Monitoring Splunk

Splunk index creation strategy: Is it better to have multiple smaller indexes or one large index?

jamesvz84
Communicator

My understanding is that having multiple smaller indexes is more performant than having one large index where everything goes into.

Is this understanding correct? Is it better to have 10 indexes, one for each particular vendor device, rather than have them all go into one index? You can assume all reports for each device will be independent of the rest (no queries spanning multiple devices). However, if there ever was a need to query multiple devices at once, would it be better to have them in the same index?

What is the recommended strategy here?

0 Karma

ChrisG
Splunk Employee
Splunk Employee

The answer, as with so many questions like this about Splunk Enterprise, is probably "It depends." In this case, if you are thinking primarily about performance, it depends what kinds of searches you plan to run on your various data sources, and what the data volume is from the device.

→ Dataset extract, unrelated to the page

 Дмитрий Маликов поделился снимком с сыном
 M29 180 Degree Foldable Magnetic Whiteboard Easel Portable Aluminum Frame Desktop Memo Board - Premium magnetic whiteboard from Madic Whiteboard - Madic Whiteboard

Other considerations are about user access and retention policies.

There is some guidance about this in the Managing Indexers and Clusters of Indexers manual.

martin_mueller
SplunkTrust
SplunkTrust

Apart from the hard "retention" and "access" criteria, here's a possible performance-based criterion:

Say you have one very chatty sourcetype spewing out 100GB/day that usually gets searched upon over the last couple of days, and a not-so-chatty sourcetype only doing 100MB/day but that usually gets searched upon over several months.
Both are accessible by the same roles in Splunk and both should be kept around for a year so you have no must-split reason.
However, the searches on the not-so-chatty sourcetype will be impeded in their performance by being mixed with the other sourcetype simply because the usage pattern is differing. Your data is forced to be split over thousands of buckets, with only a few megs per bucket relevant to your search. Splitting that small sourcetype off into a second index would significantly improve this - by how much is hard to say though.

mikebd
Path Finder

An additional benefit of discrete indexes is that they preserve the option of provisioning discrete higher performance storage as necessary. This can optimize storage provisioning costs when search activity patterns cause relatively higher disk i/o latency for indexes with relatively smaller data storage size requirements.